(Beginning of INFORMATION SHOWN)

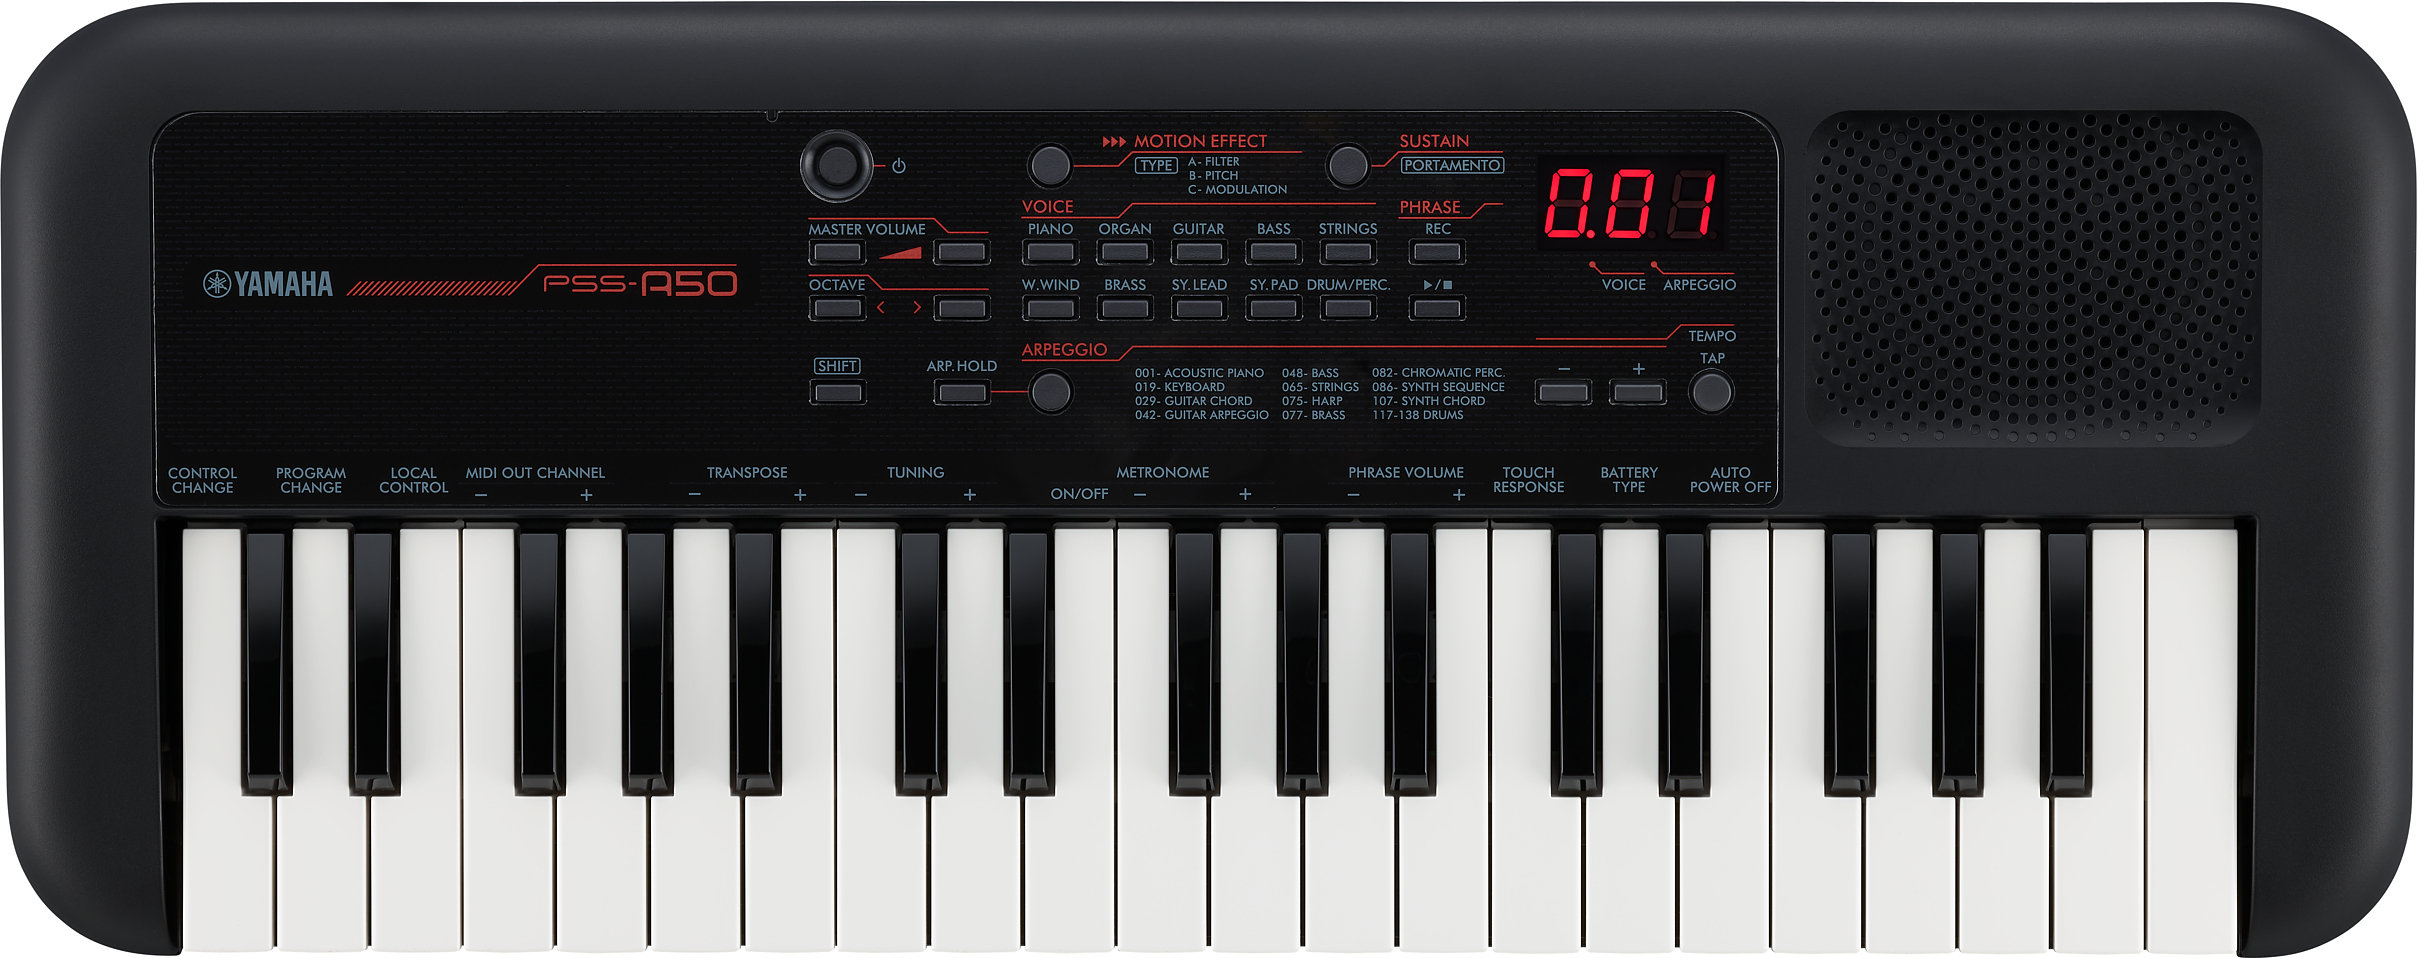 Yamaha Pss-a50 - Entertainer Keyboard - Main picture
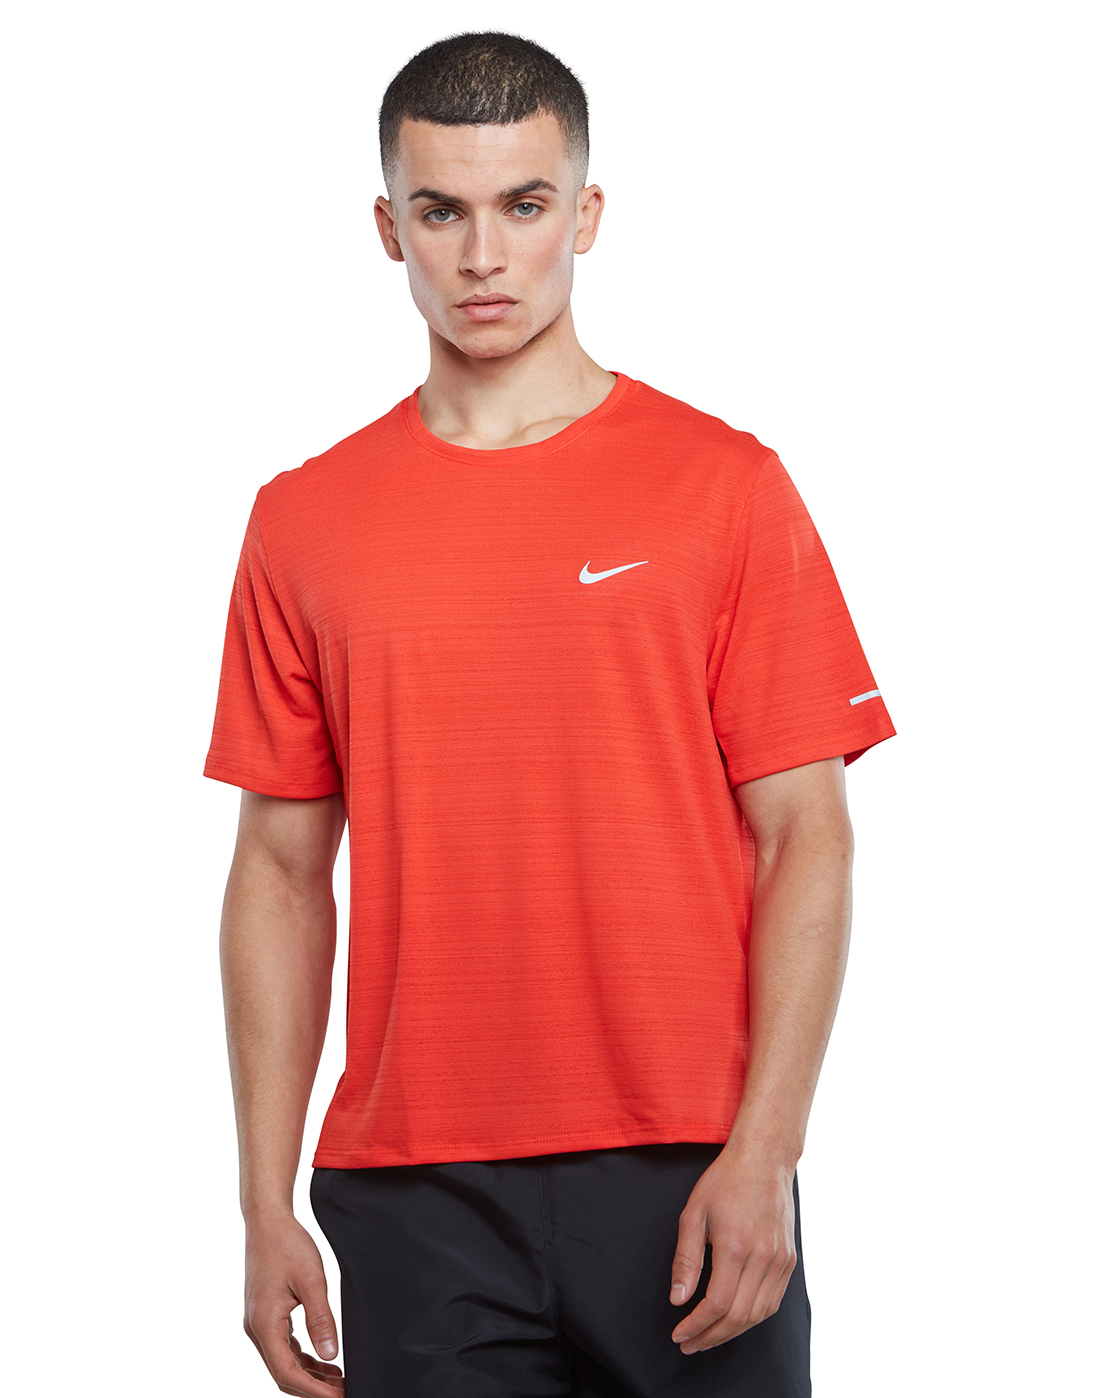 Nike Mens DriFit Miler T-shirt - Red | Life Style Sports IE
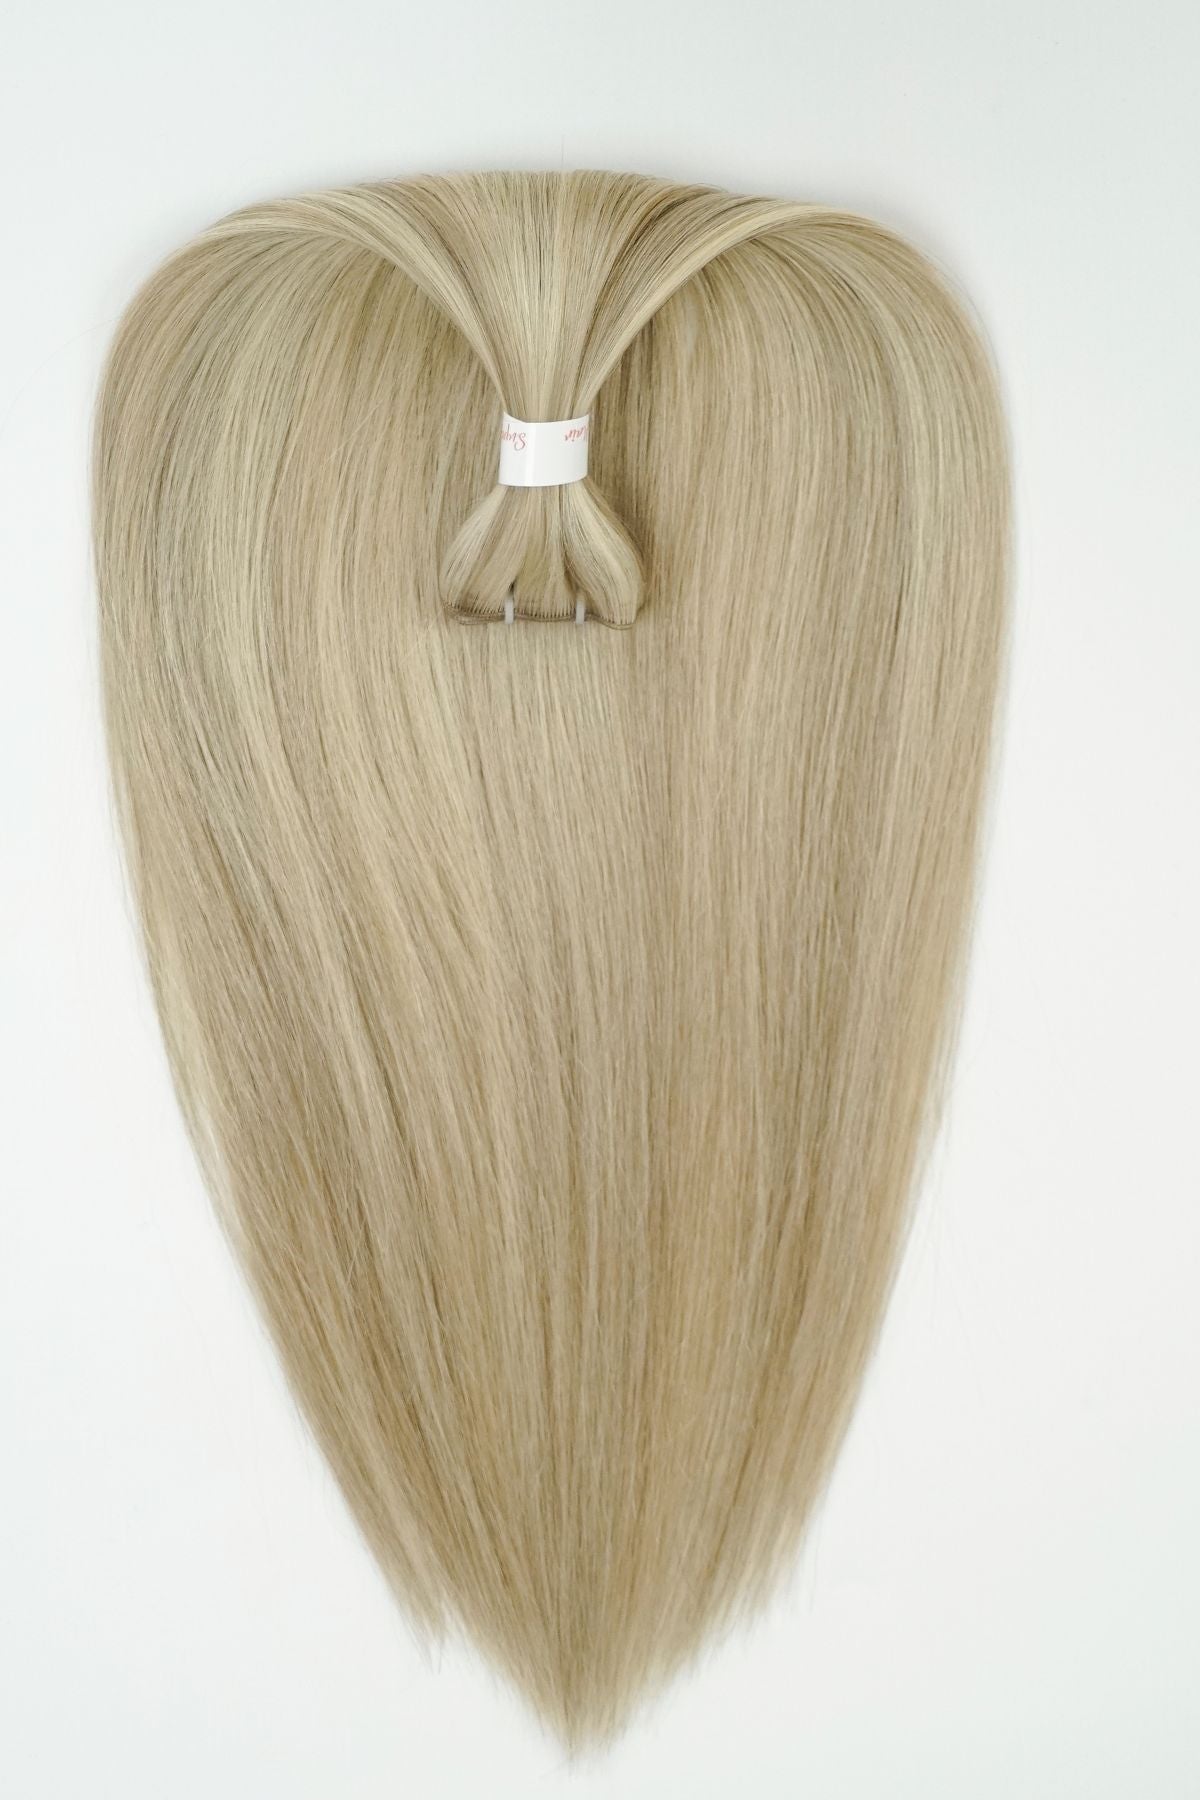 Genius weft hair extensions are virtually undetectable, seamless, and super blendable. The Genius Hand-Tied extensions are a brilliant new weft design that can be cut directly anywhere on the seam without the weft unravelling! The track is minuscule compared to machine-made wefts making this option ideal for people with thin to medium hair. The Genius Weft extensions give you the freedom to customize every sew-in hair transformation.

(End of INFORMATION SHOWN)

TASK PROMPT: If a picture appears in the data, omit it; transcribe all the rest exactly.

COMPLETED EXERCISE:
 Yamaha Pss-a50 - Entertainer Keyboard - Main picture
 Nike Mens DriFit Miler T-shirt - Red | Life Style Sports IE
 Genius weft hair extensions are virtually undetectable, seamless, and super blendable. The Genius Hand-Tied extensions are a brilliant new weft design that can be cut directly anywhere on the seam without the weft unravelling! The track is minuscule compared to machine-made wefts making this option ideal for people with thin to medium hair. The Genius Weft extensions give you the freedom to customize every sew-in hair transformation.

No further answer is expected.